Write out exactly, please, the lines from the one containing "From England, early" to the end of the material.

Available data:
******

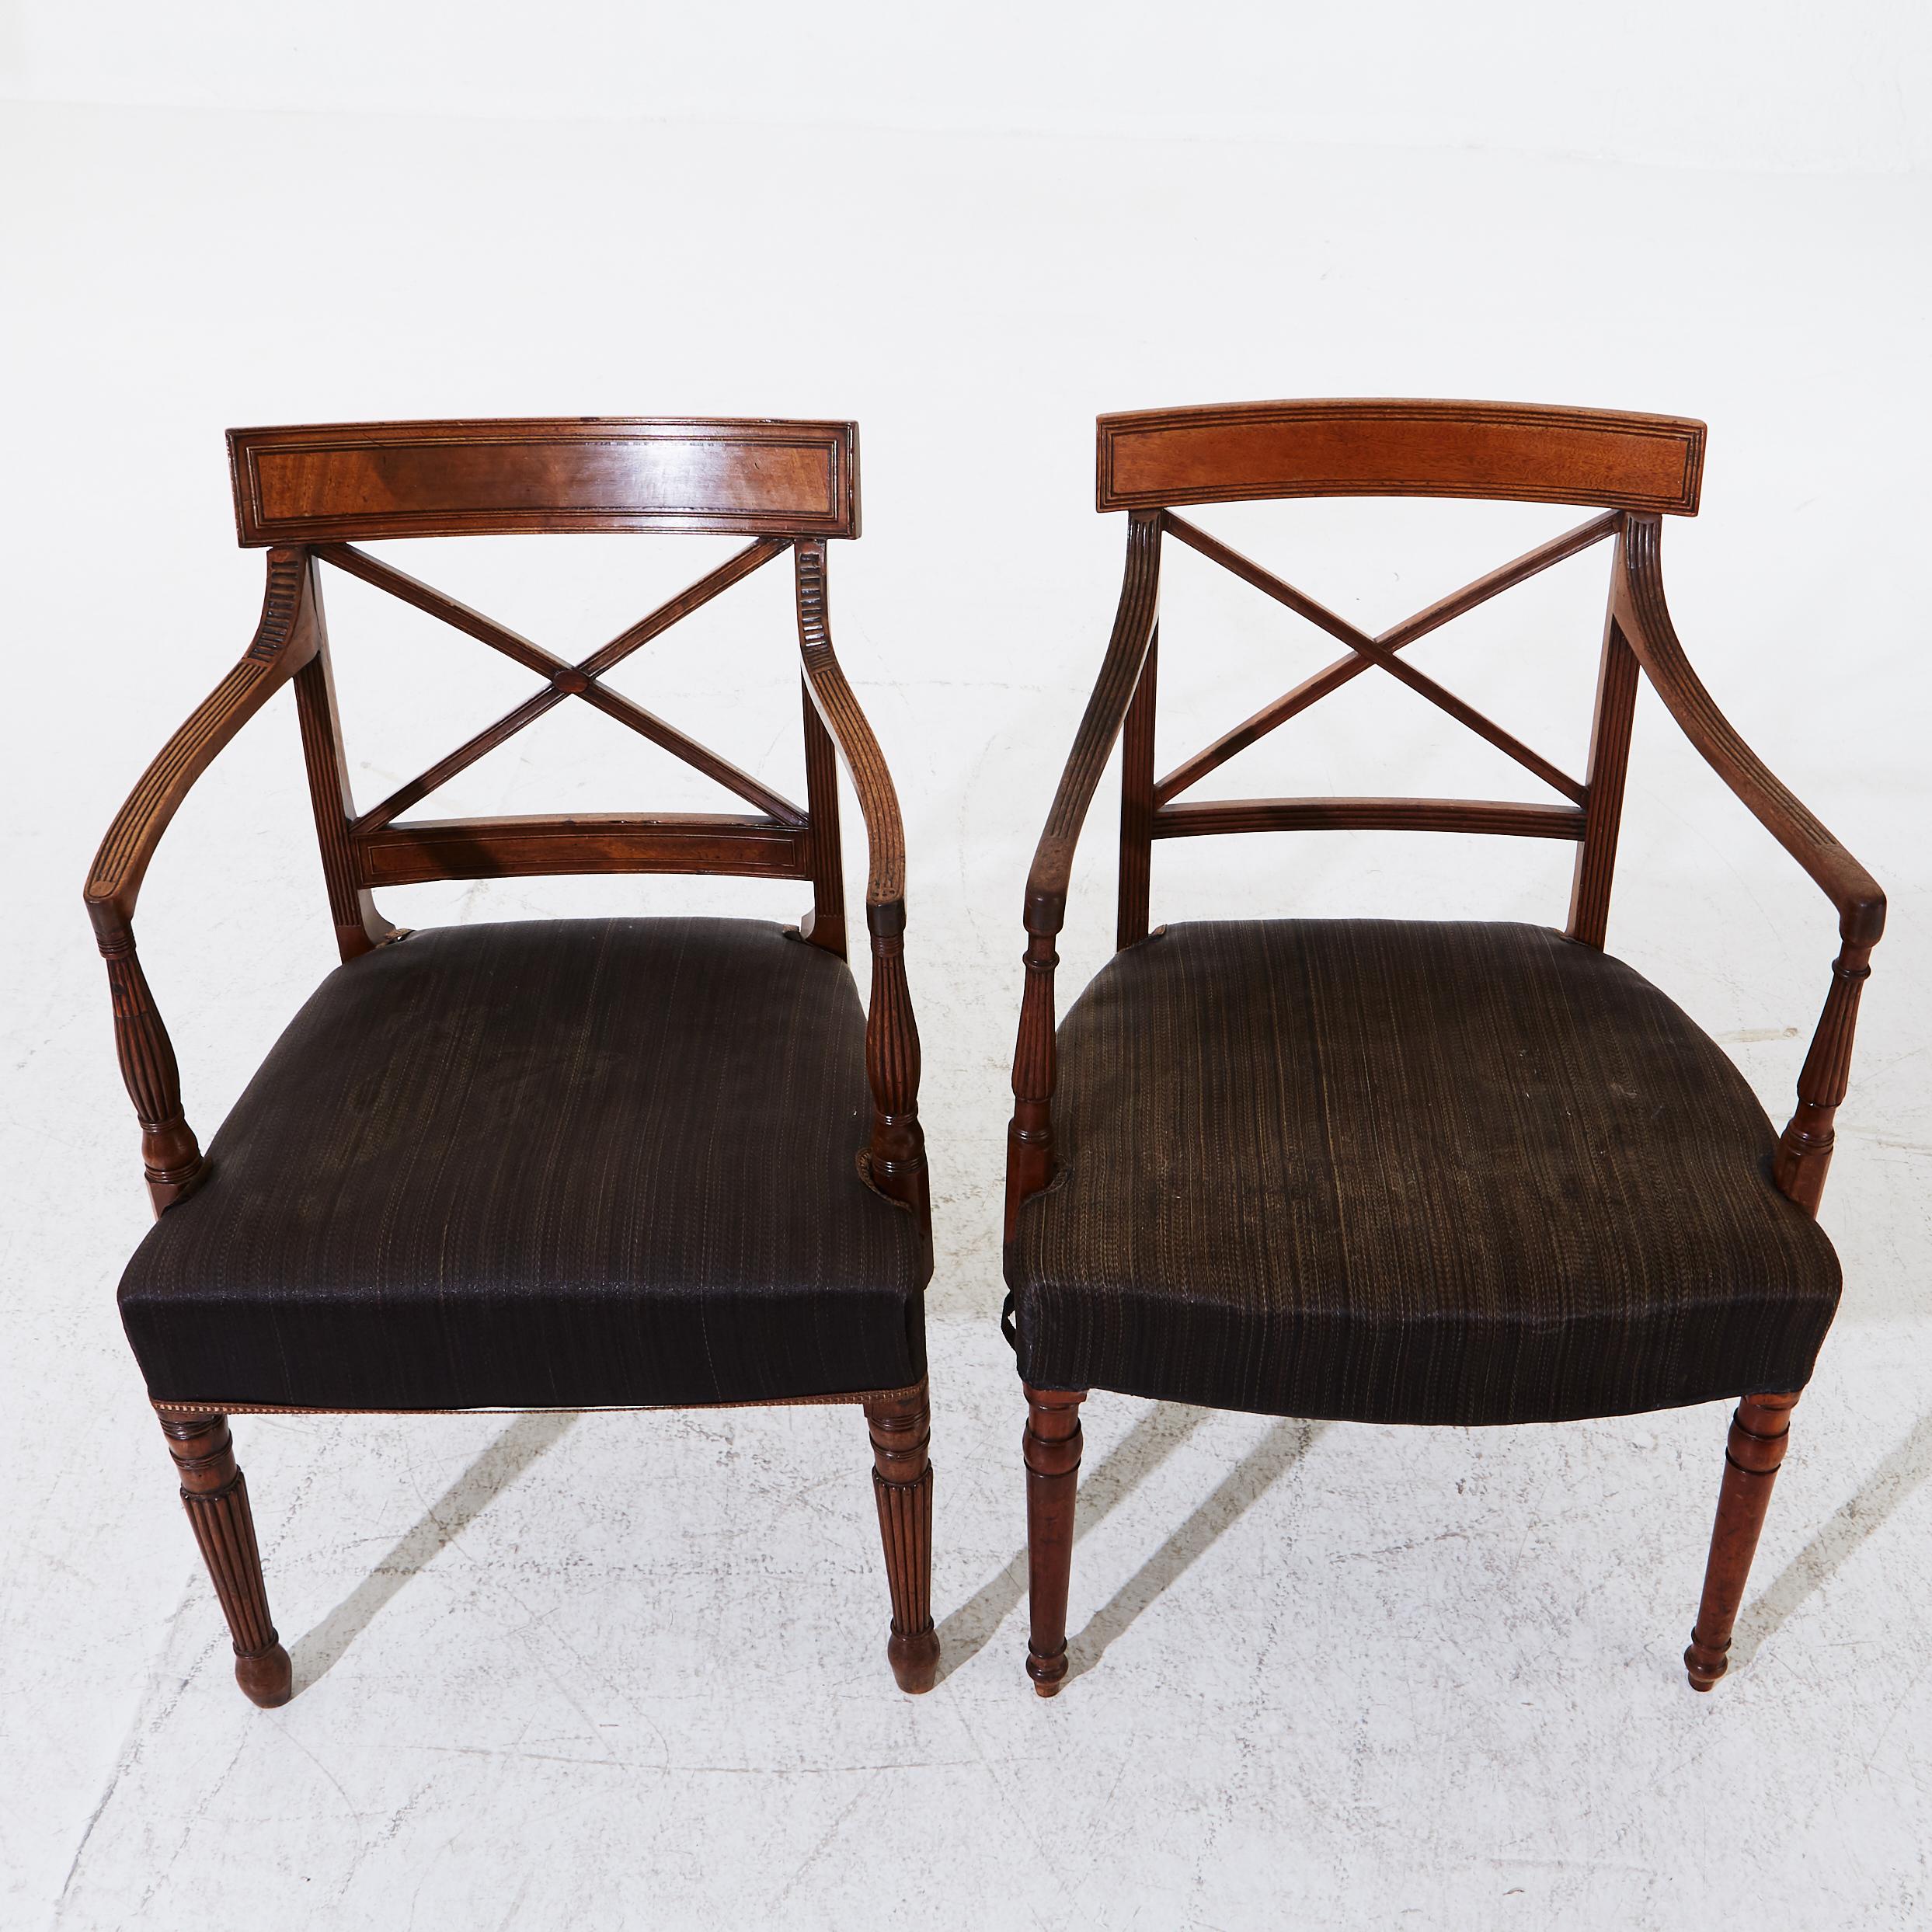 Two Regency era mahogany armchairs with horsehair upholstery
From England, early 1800s century. Gorgeous patina and very good structure and details. 
 
Measures: Seat height 17 in.


  

******

Task solution:
From England, early 1800s century. Gorgeous patina and very good structure and details. 
 
Measures: Seat height 17 in.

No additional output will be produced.